A quick note – if you are someone that is uncomfortable with meditation because your Christian worldview has led you to believe it’s not okay – I get it. But, I would say that what I’ve come to over the years is that God does use many things around us to teach, heal, and open our eyes. Where meditation or yoga or whatever, feels uncomfortable, it’s very easy to replace terms or foundations with Biblical truth. This idea of self-compassion should truly be seen from the perspective of how God views us as His children. This meditation allows us to connect with the person we truly are, absent of the constantly repeating messages of our own unworthiness. Which also means that we are seeing ourselves in our identity in Him. If you find that you’re repeating negative thought patterns that are impacting you in the day to day, give this a shot. I am honestly blown away by not only the emotion I felt through this practice, but in how at peace I felt as I acknowledged how I’m feeling about myself and then practiced a little of the compassion and grace I need (that, oh by the way, God offers me so freely).

Podcasts:

I’ve been adding podcasts to my weekly lists of to-dos. I love learning, experiencing life through other’s views, and finding ways to grow as a person. But honestly, for a long time, I’ve kind of shut off this curiosity in me. National Public Radio has always met this need for me and as I’ve been listening again to some of my favorites, it has gotten me into the habit of seeking out podcasts that meet this curiosity and desire for growth. Below are a few of the podcasts I’m listening to on a rotating basis. But for today, I wanted to share Untangle. I subscribe through my Apple podcast app – but you can find it at the link, too.

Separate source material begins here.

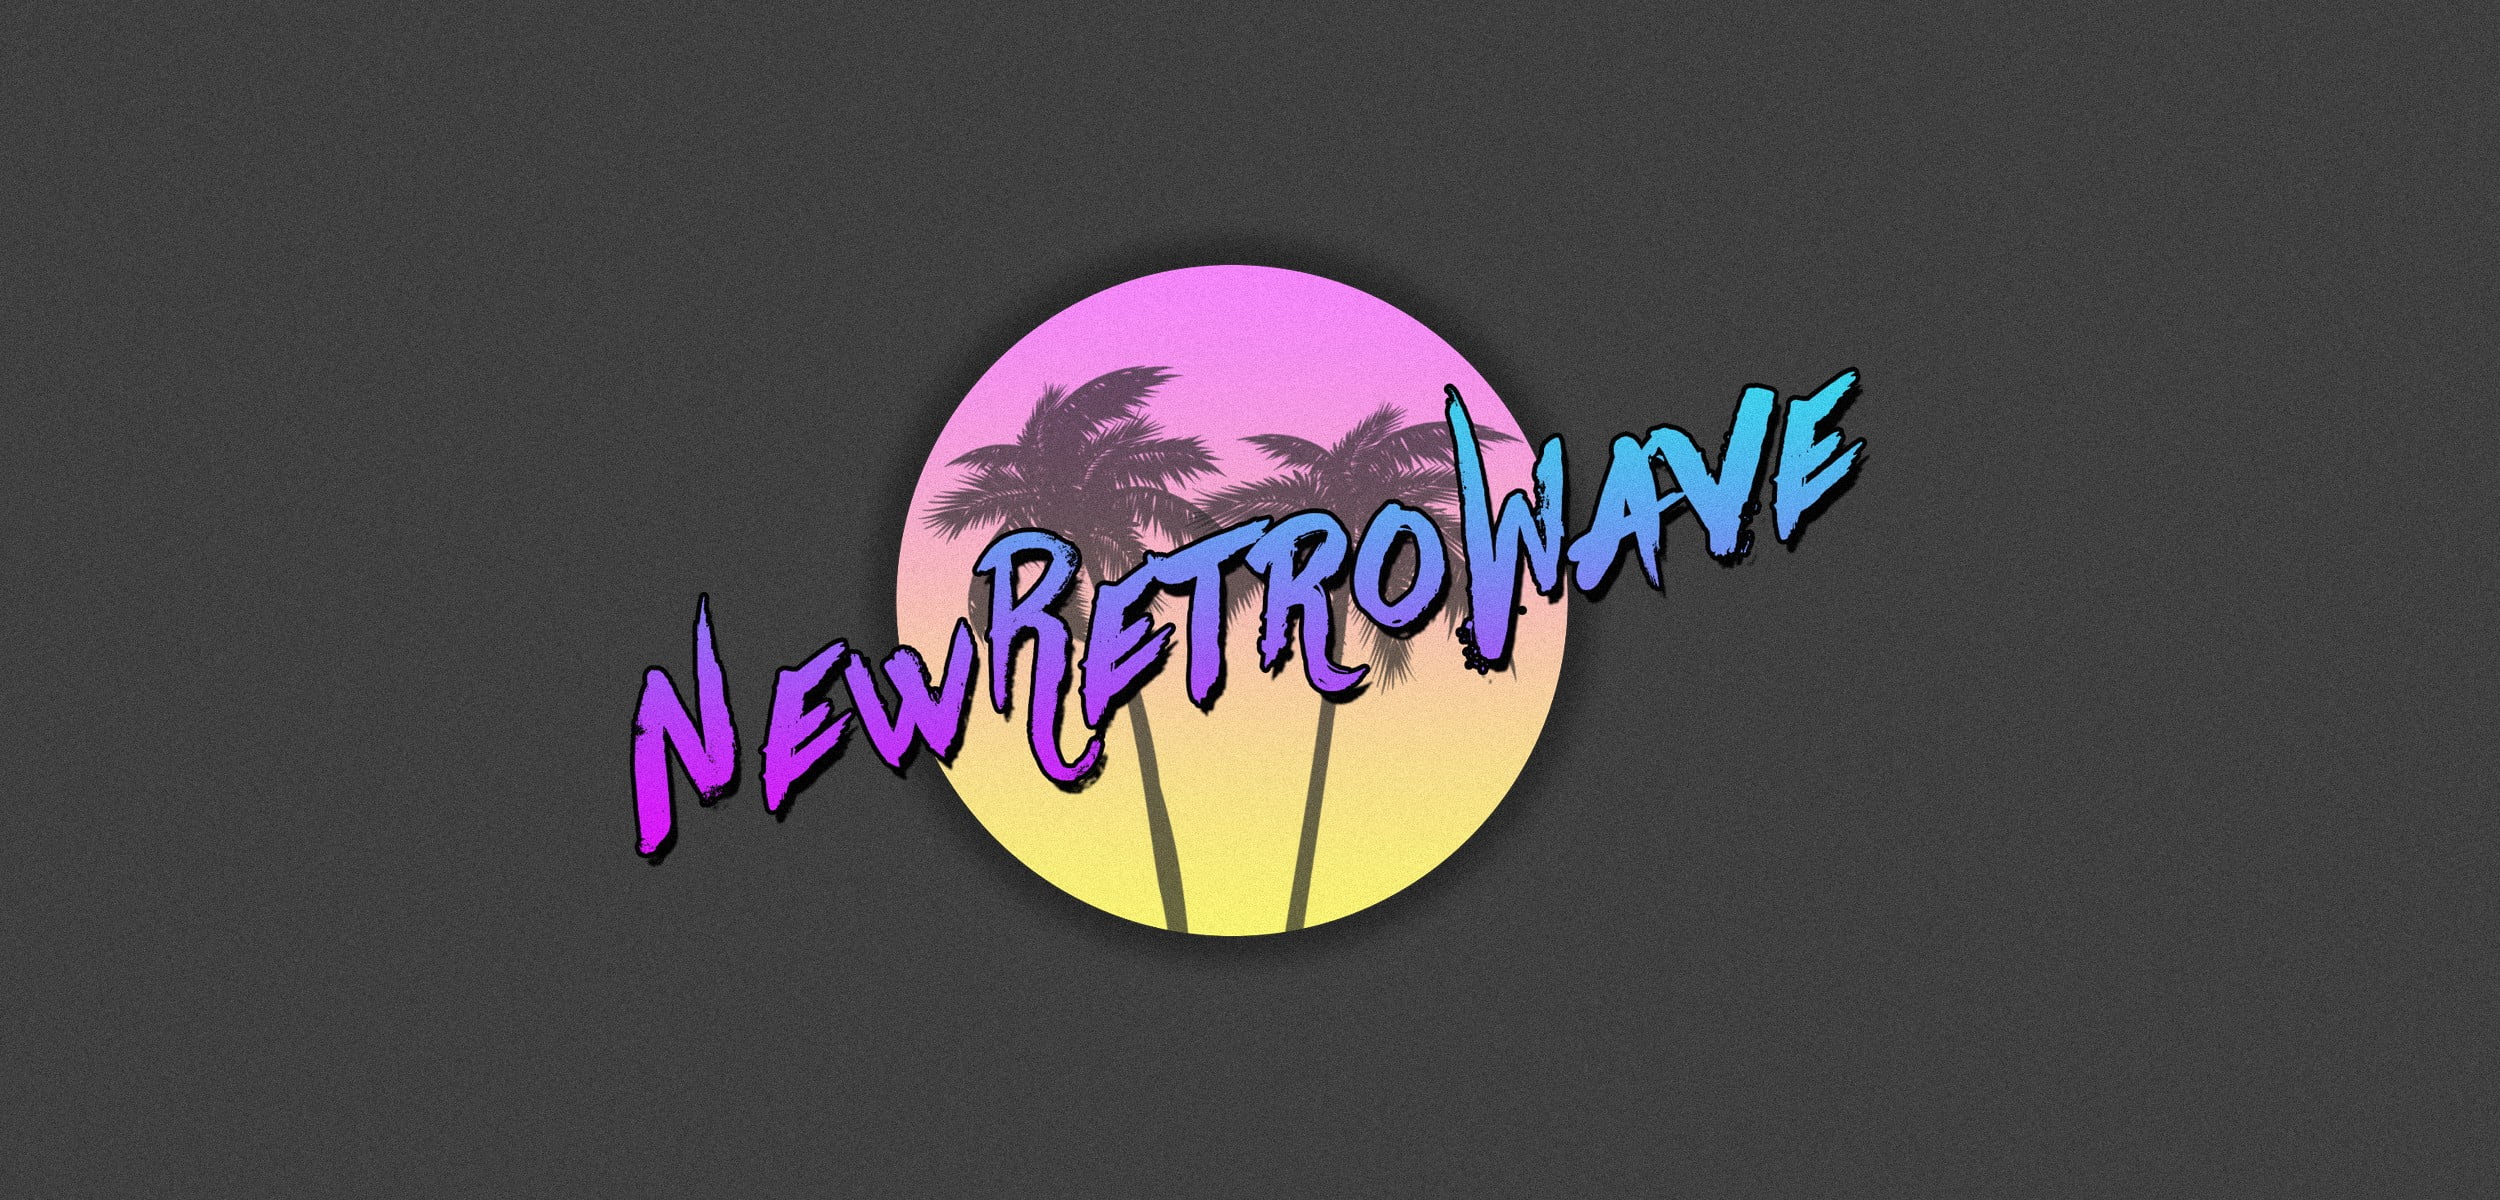 New Retro Wave text, vintage, New Retro Wave, 1980s, synthwave
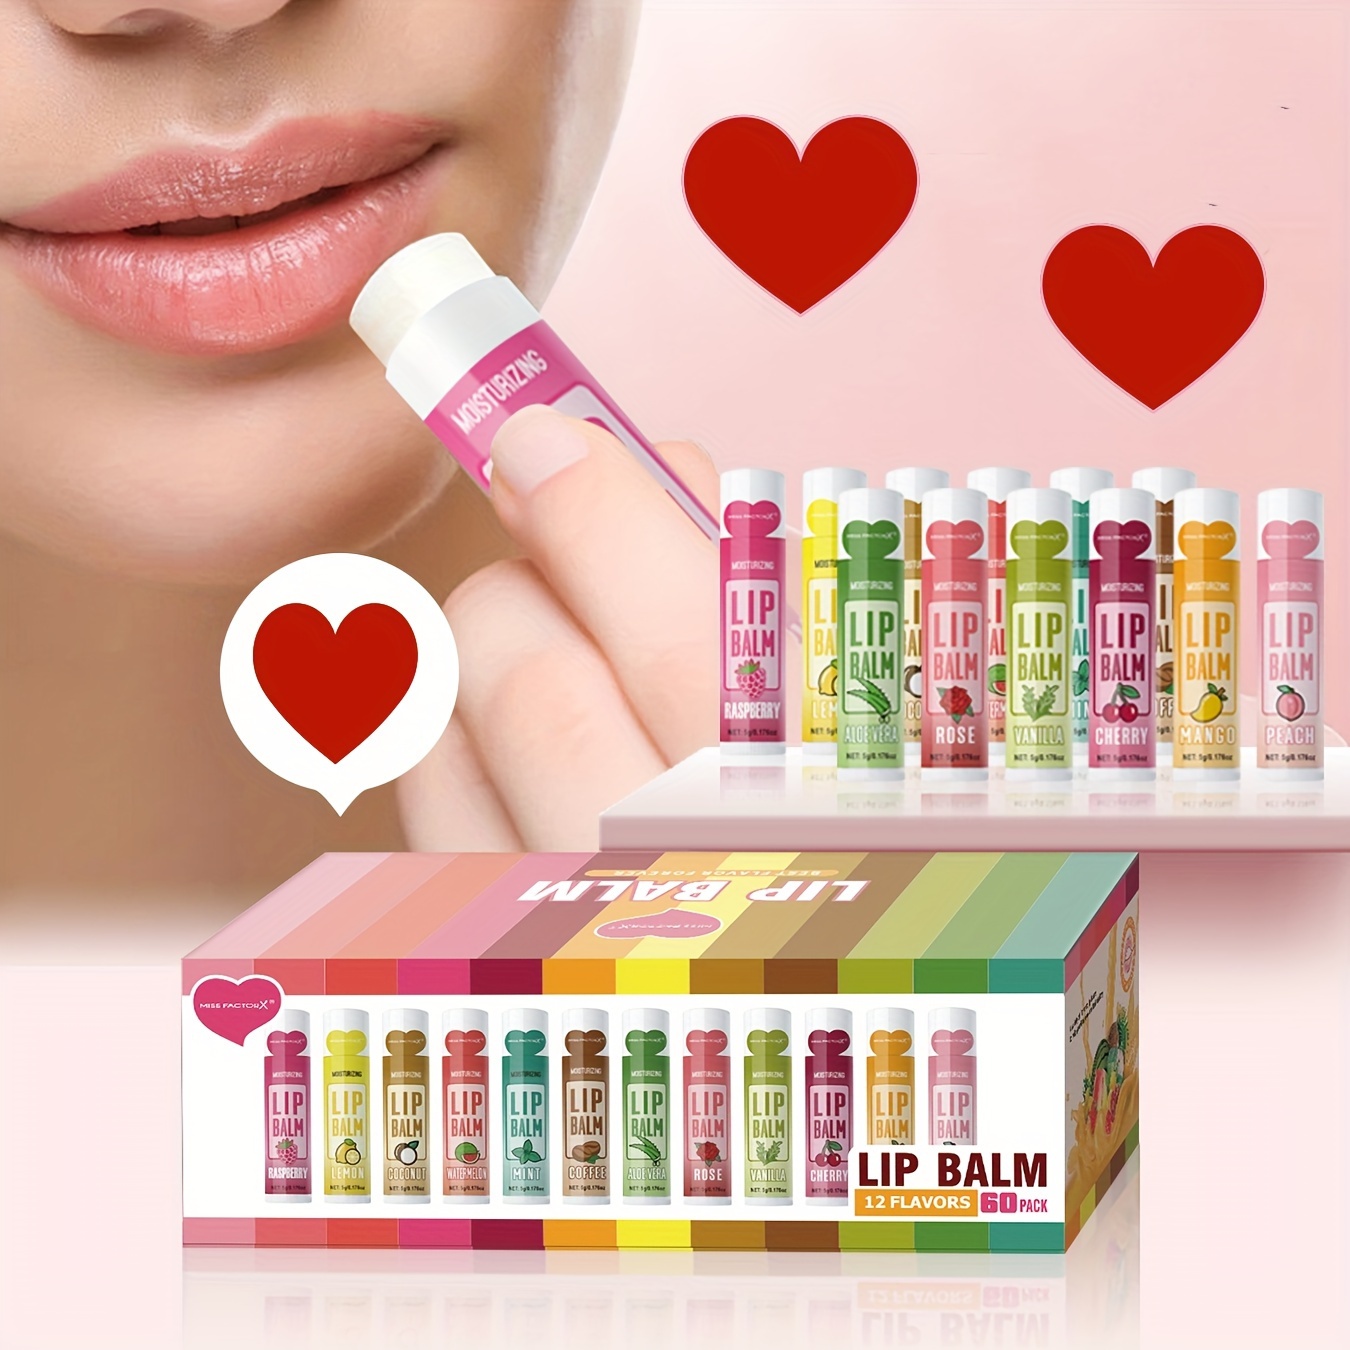 

60pcs/set, 12 Flavors Lip Balm Gift Set, 5g Each, Moisturizing Care For Dry Lips, Brightening Lip Color, Ideal Gift For Women, Party Favors, Festive Holiday Presents

If you’re looking for some understanding about relationships, I highly recommend the February 16th episode, called “Navigating Love and Relationships Anytime” with Daphne Rose Kingma (see link for one of her many books on relationships – this one called Coming Apart: How to Heal Your Broken Heart). While I could see myself listening to this again, one of the things I took from this was being at peace with what a relationship brings to your life – even when it doesn’t last. Additionally, I learned a little about accepting a man’s ability or inability to be expressive of emotion. Good stuff.

Here are a few others I am listening to:
This American Life
The Bible Recap
Being Well
The Moth

Do you have any favorite podcasts {in the self-care or self-help genre}? What is something you have to do each week {or every day} for your own self-care?